Only the diligence of awake, faithful watchmen and incensed and outraged victims of tyranny serves to staunch the covert tsunami of political and government corruption, criminality and injustice, much of which can be traced to the signals, words, and orders of the statist totalitarians in the Obama White House who put ideology far above country, honesty, and fidelity to the Constitution.
It remains to be seen if such power and arrogance can be limited by the efforts of a law and justice system that is corrupt at the very top. Only the disinfecting light of truth-made-public has any chance of effecting some solution. Such light will not be shed by our corruptly complicit lap-dog three-monkeys media.
Egypt is a nation that is totally awake, alive, and polarized. America is a nation that is asleep, indifferent, ignorant and narcotized. Polar opposites, but there are inevitable train-wrecks ahead that we are heading toward, and they will begin to awaken the attention of the masses like nothing else since the rise of the liberal messiah who was going to calm the oceans, heal the planet, reconcile foes and bring peace and harmony. But hopey-changey rhetoric is not reality and so the sheep of the American flock lost interest, -their balloon of hot-air inspiration deflated as they came to lose their unsupported high regard for the great Shepherd of the flock.

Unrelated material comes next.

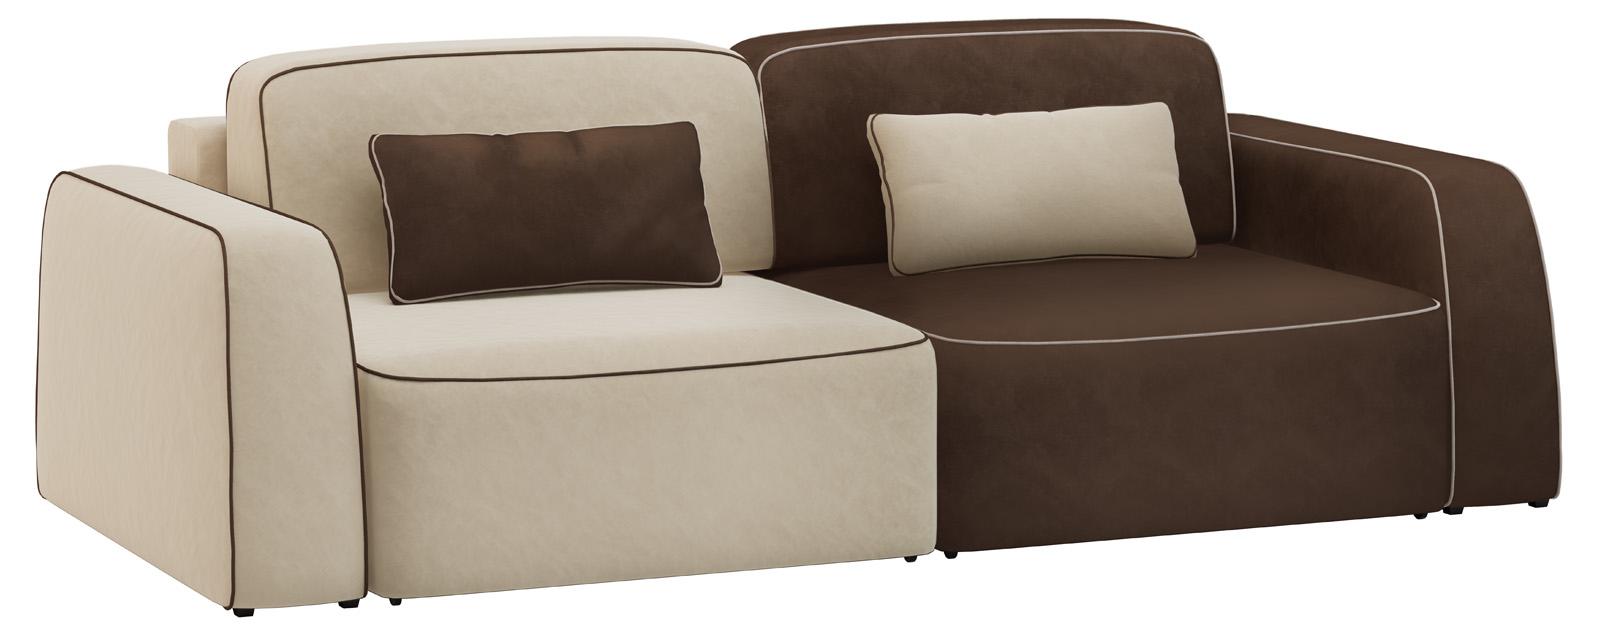 Модульный диван Портленд 200 см Вариант №2 Velure бежевый/темно-коричневый (Велюр)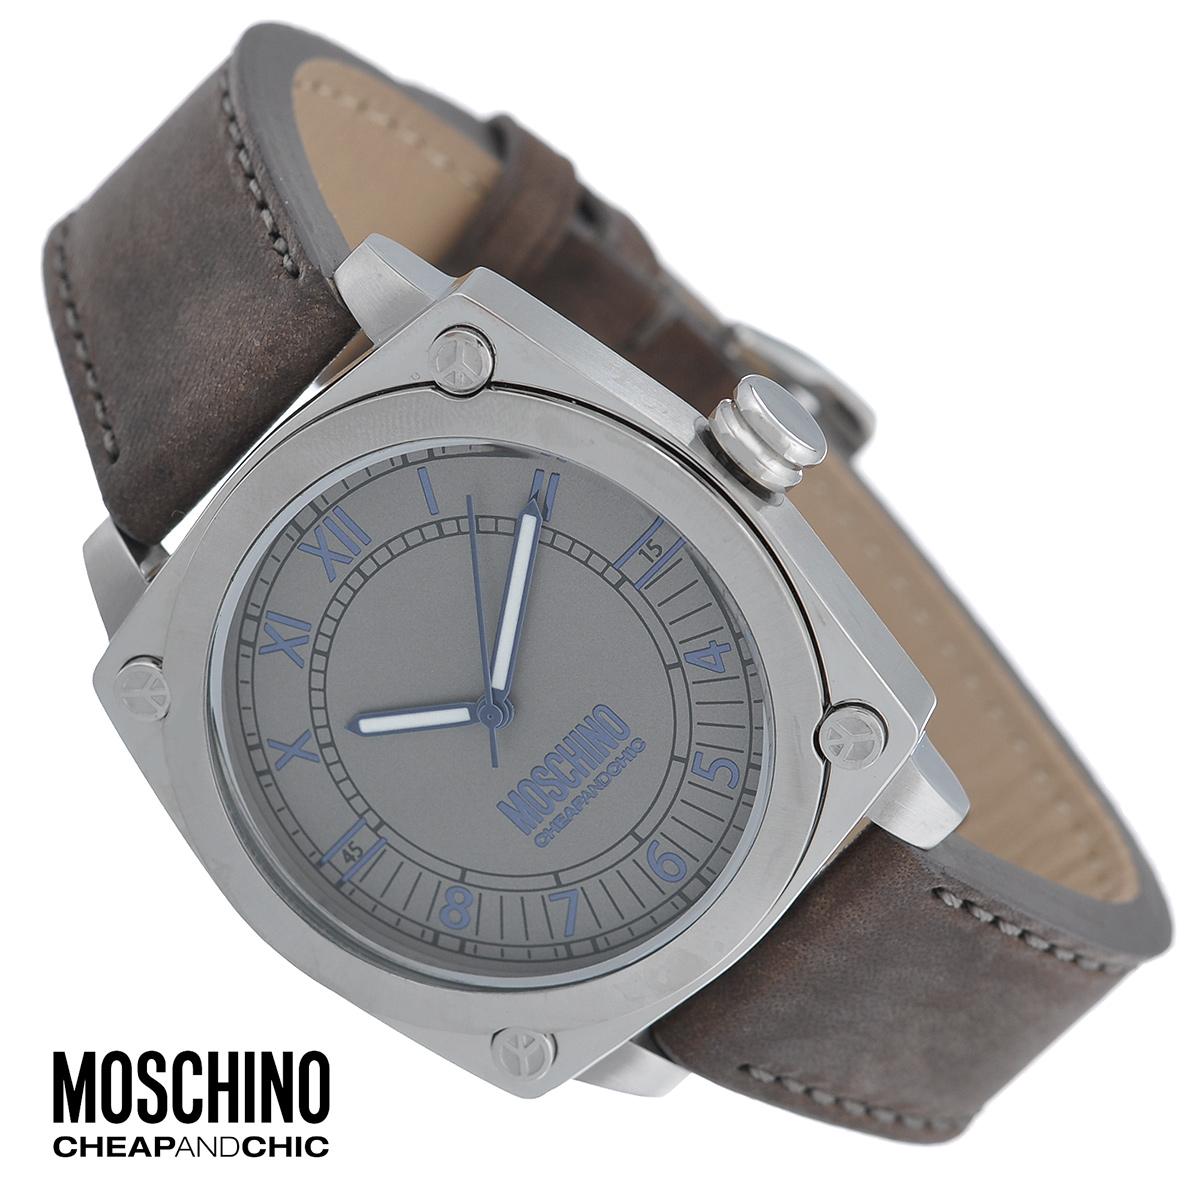 Часы мужские наручные Moschino, цвет: серебристый, коричневый. MW0295MW0295Наручные часы от известного итальянского бренда Moschino - это не только стильный и функциональный аксессуар, но и современные технологи, сочетающиеся с экстравагантным дизайном и индивидуальностью. Часы Moschino оснащены кварцевым механизмом. Корпус выполнен из высококачественной нержавеющей стали с сатиновой полировкой. Циферблат с римскими и арабскими цифрами защищен минеральным стеклом. Часы имеют три стрелки - часовую, минутную и секундную. Ремешок часов выполнен из толстой натуральной кожи и оснащен классической застежкой. Часы упакованы в фирменную металлическую коробку с логотипом бренда. Часы Moschino благодаря своему уникальному дизайну отличаются от часов других марок своеобразными циферблатами, функциональностью, а также набором уникальных технических свойств. Каждой модели присуща легкая экстравагантность, самобытность и, безусловно, великолепный вкус. Характеристики: Диаметр циферблата: 3,5 см. Размер...

They don’t realized that their view of him has much further to fall. That will eventually come to pass due to the subpena power of Congress and the Freedom of Information Act. Inquiries will eventually reveal stunning degrees of non-feasance, misfeasance, and malfeasance by his administration, -as happened with President Nixon. Then the sleeping sheep will awake to discover that their faithful shepherd and his like-minded, marching-to-the-same-music comrades were all along treasonous wolves in shepherds clothing.